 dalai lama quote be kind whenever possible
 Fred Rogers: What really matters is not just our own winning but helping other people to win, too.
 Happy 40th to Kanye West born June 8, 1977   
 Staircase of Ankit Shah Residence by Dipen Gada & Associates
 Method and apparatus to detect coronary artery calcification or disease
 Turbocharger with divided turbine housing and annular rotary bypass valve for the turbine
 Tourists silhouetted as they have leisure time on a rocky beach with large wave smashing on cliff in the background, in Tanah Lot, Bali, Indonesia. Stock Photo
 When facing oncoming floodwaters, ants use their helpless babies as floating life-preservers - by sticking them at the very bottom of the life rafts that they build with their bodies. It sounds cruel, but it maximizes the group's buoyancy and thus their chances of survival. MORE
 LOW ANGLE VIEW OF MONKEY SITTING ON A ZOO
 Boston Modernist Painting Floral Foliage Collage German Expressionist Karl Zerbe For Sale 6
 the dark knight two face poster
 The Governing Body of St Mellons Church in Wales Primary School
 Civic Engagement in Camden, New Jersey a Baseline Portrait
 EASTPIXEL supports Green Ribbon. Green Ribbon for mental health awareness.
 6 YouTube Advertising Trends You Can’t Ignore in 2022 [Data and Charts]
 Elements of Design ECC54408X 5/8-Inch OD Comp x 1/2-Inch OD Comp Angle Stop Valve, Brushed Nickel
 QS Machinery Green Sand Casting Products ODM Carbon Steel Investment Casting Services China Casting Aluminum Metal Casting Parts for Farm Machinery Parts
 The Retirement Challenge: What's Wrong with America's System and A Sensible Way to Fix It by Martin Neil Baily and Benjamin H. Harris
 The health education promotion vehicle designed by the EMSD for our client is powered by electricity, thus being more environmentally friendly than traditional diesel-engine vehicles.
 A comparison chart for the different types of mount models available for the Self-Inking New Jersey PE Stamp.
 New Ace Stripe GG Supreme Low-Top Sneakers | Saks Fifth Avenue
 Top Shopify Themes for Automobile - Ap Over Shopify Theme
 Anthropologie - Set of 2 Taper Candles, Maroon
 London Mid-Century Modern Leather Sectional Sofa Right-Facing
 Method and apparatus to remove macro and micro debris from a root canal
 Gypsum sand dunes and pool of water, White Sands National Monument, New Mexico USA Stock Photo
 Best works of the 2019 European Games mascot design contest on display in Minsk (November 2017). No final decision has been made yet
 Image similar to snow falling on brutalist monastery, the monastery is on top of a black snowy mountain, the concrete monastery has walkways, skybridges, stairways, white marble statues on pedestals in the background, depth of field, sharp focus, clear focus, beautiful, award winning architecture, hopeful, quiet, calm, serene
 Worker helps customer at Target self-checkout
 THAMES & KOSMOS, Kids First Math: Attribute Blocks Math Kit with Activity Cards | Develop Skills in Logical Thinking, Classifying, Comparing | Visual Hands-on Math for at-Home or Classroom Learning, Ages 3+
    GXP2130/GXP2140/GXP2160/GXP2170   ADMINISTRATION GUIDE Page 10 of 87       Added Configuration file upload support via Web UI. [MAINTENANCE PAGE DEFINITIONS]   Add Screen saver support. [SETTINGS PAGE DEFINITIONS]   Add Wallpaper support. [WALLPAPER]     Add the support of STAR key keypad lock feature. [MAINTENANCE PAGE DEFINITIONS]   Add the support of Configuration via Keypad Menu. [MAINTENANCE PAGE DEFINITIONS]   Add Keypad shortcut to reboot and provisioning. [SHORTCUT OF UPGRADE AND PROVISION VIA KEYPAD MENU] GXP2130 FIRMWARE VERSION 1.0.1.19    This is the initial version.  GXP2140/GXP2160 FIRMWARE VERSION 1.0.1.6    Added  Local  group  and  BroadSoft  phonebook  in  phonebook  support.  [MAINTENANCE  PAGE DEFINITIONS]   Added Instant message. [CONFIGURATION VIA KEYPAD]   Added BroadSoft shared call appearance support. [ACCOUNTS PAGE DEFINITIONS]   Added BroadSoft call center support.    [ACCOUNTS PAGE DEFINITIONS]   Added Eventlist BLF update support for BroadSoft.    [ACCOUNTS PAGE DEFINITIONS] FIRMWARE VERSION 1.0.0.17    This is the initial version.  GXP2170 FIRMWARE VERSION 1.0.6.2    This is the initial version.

□ □ □ □

• **Requirement**:
In the entries above, the lines from the one bearing "Tourists silhouetted as" up to and including the one bearing "New Ace Stripe" should be transcribed exactly; no other line is wanted.

• **The answer**:
 Tourists silhouetted as they have leisure time on a rocky beach with large wave smashing on cliff in the background, in Tanah Lot, Bali, Indonesia. Stock Photo
 When facing oncoming floodwaters, ants use their helpless babies as floating life-preservers - by sticking them at the very bottom of the life rafts that they build with their bodies. It sounds cruel, but it maximizes the group's buoyancy and thus their chances of survival. MORE
 LOW ANGLE VIEW OF MONKEY SITTING ON A ZOO
 Boston Modernist Painting Floral Foliage Collage German Expressionist Karl Zerbe For Sale 6
 the dark knight two face poster
 The Governing Body of St Mellons Church in Wales Primary School
 Civic Engagement in Camden, New Jersey a Baseline Portrait
 EASTPIXEL supports Green Ribbon. Green Ribbon for mental health awareness.
 6 YouTube Advertising Trends You Can’t Ignore in 2022 [Data and Charts]
 Elements of Design ECC54408X 5/8-Inch OD Comp x 1/2-Inch OD Comp Angle Stop Valve, Brushed Nickel
 QS Machinery Green Sand Casting Products ODM Carbon Steel Investment Casting Services China Casting Aluminum Metal Casting Parts for Farm Machinery Parts
 The Retirement Challenge: What's Wrong with America's System and A Sensible Way to Fix It by Martin Neil Baily and Benjamin H. Harris
 The health education promotion vehicle designed by the EMSD for our client is powered by electricity, thus being more environmentally friendly than traditional diesel-engine vehicles.
 A comparison chart for the different types of mount models available for the Self-Inking New Jersey PE Stamp.
 New Ace Stripe GG Supreme Low-Top Sneakers | Saks Fifth Avenue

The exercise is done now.